◆ Source data ◆
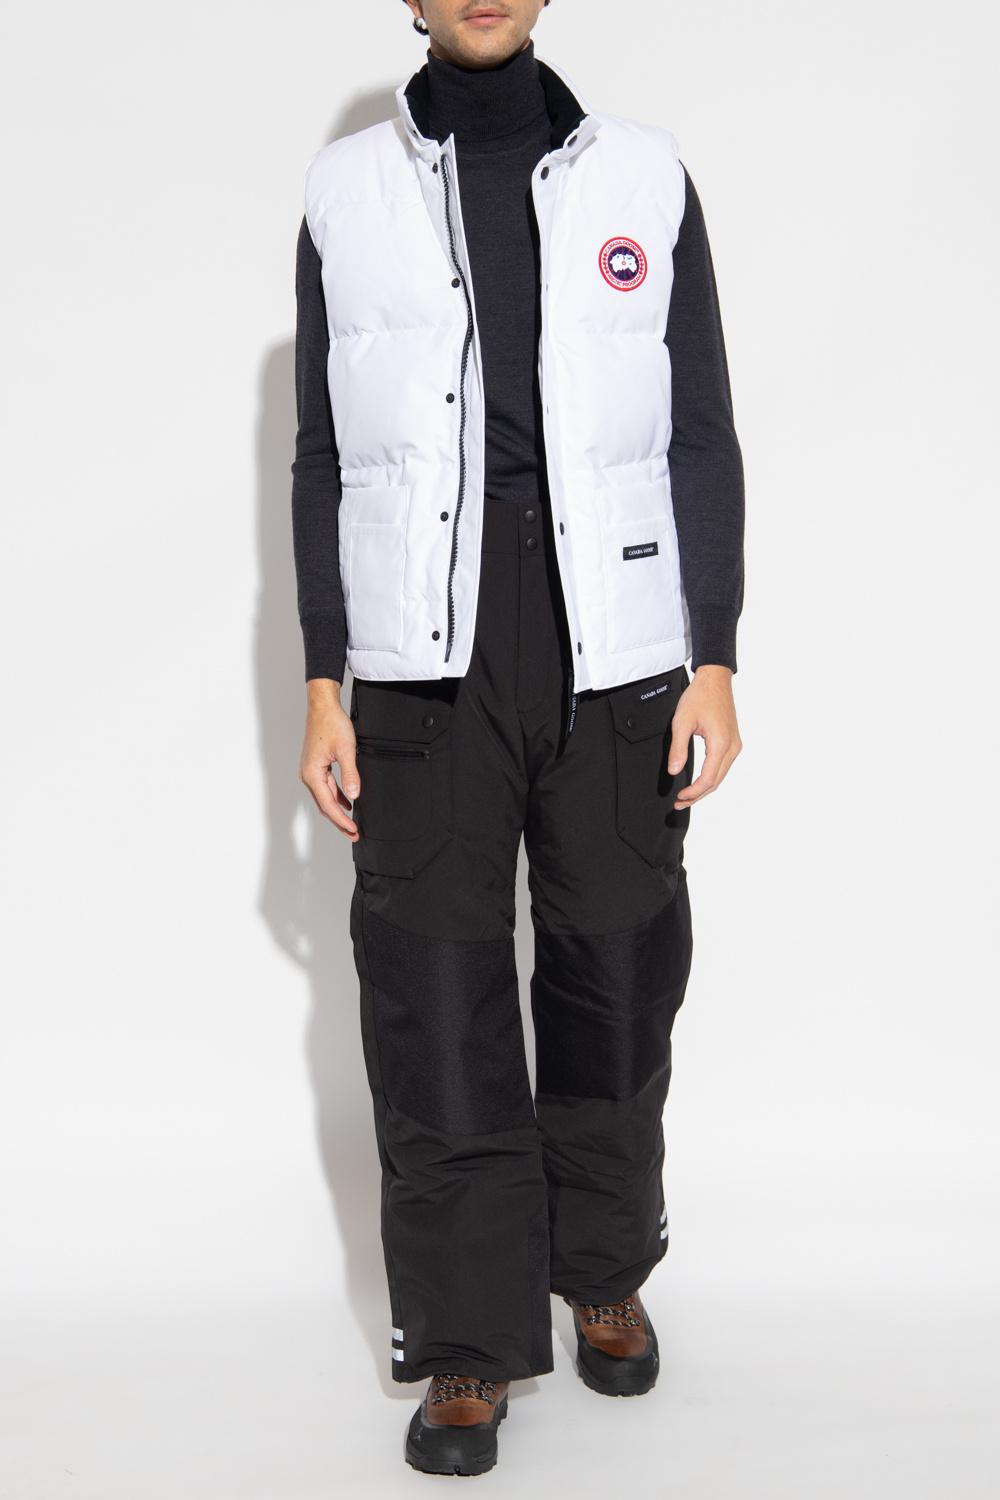 Canada Goose 'tundra' Ski Trousers in Black for Men | Lyst
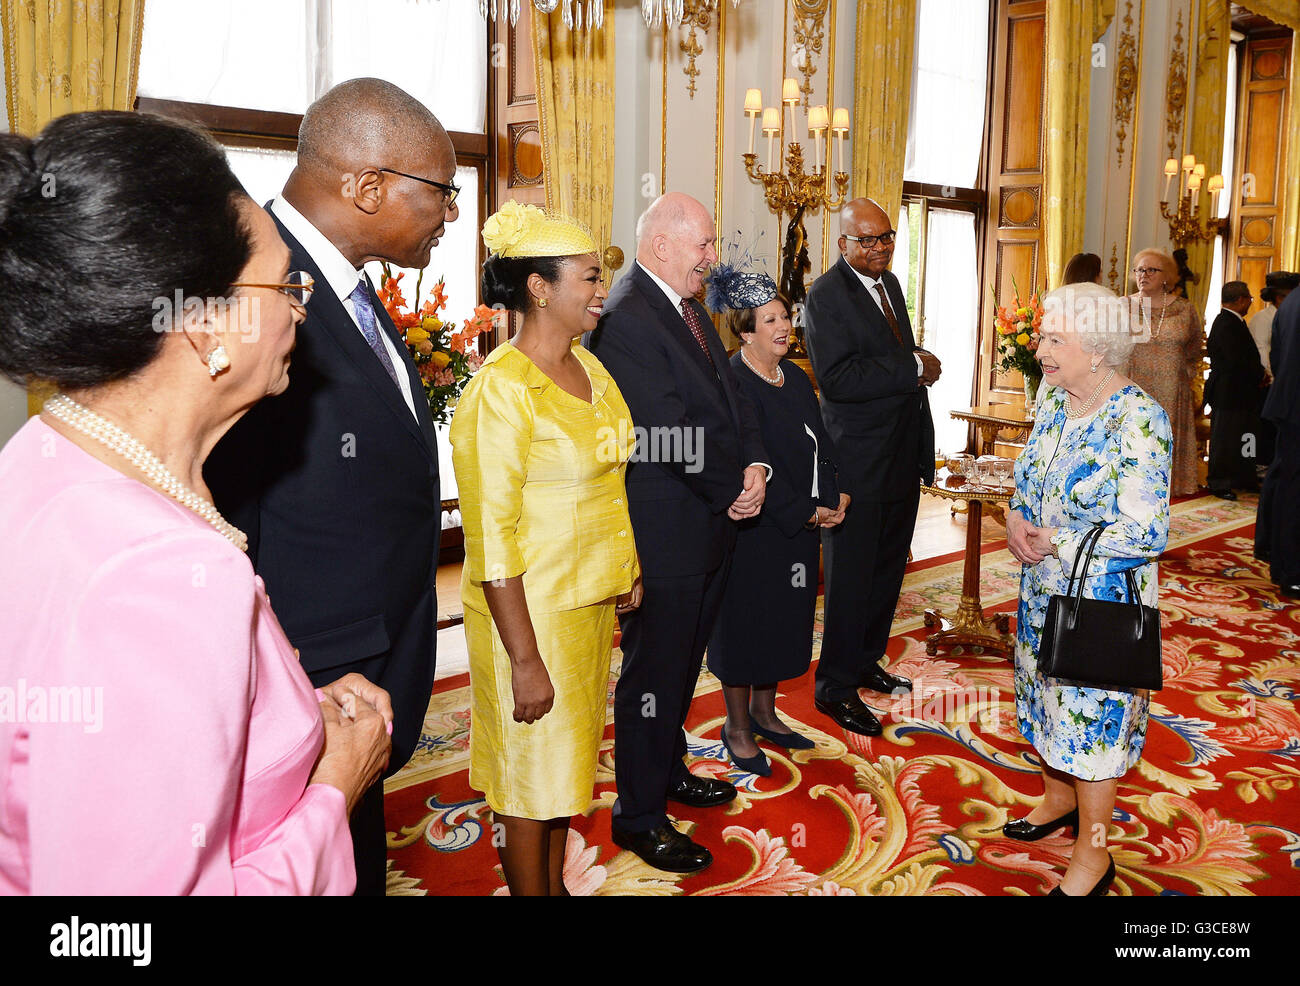 Queen Elizabeth II meets guests during a reception ahead of the Governor General's lunch at Buckingham Palace in London. Stock Photo
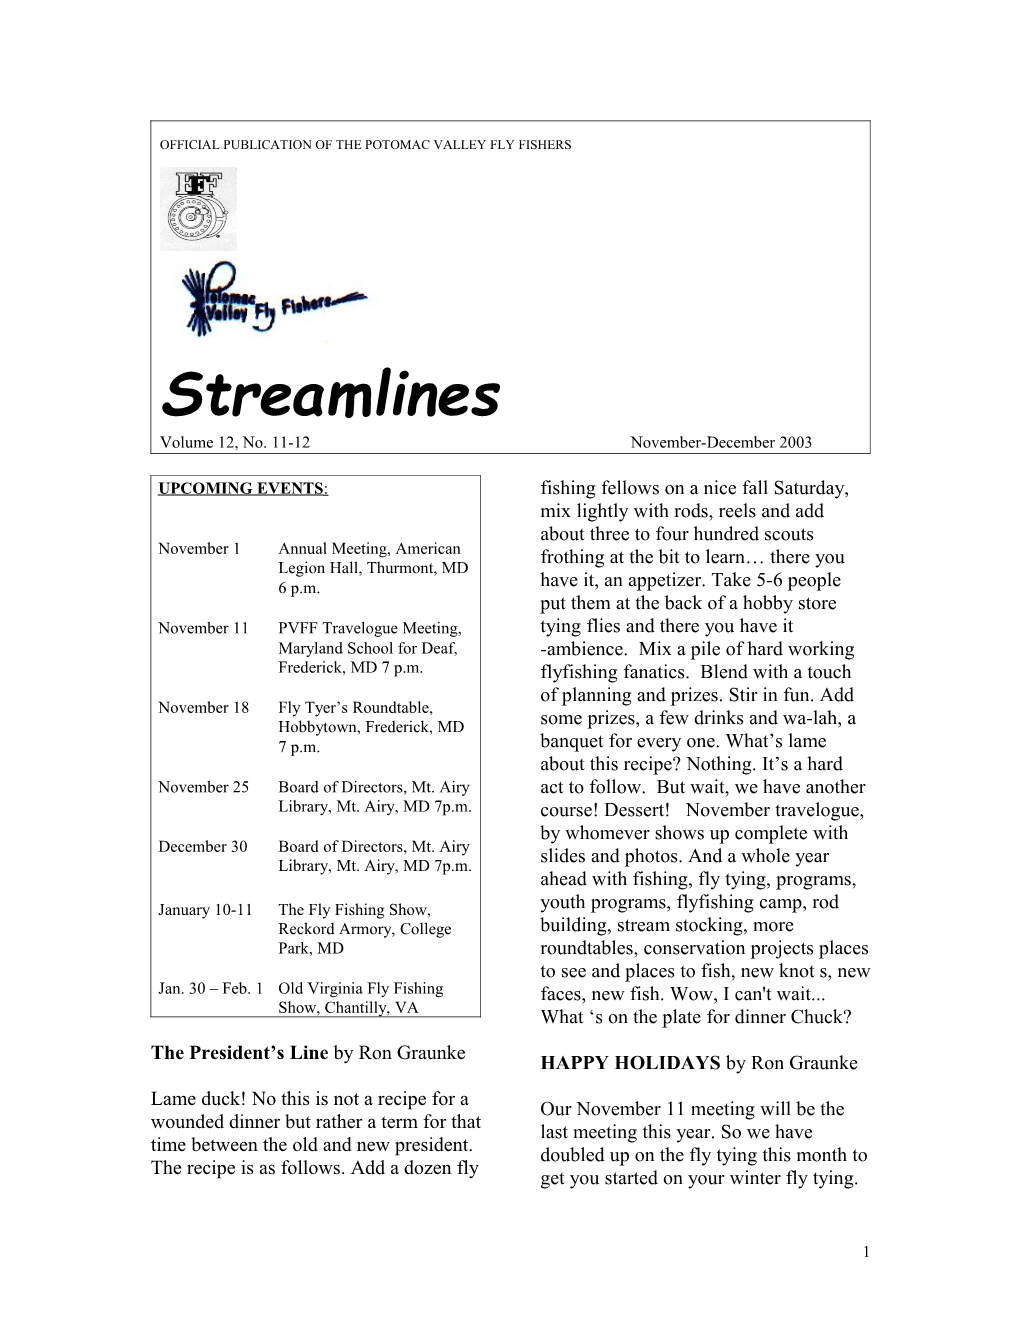 Official Publication of the Potomac Valley Fly Fishermen

◆ Exercise directions ◆
Every line of the material above should be repeated exactly, except for the pictures.

◆ Output for this exercise ◆
 Canada Goose 'tundra' Ski Trousers in Black for Men | Lyst
 Queen Elizabeth II meets guests during a reception ahead of the Governor General's lunch at Buckingham Palace in London. Stock Photo
 Official Publication of the Potomac Valley Fly Fishermen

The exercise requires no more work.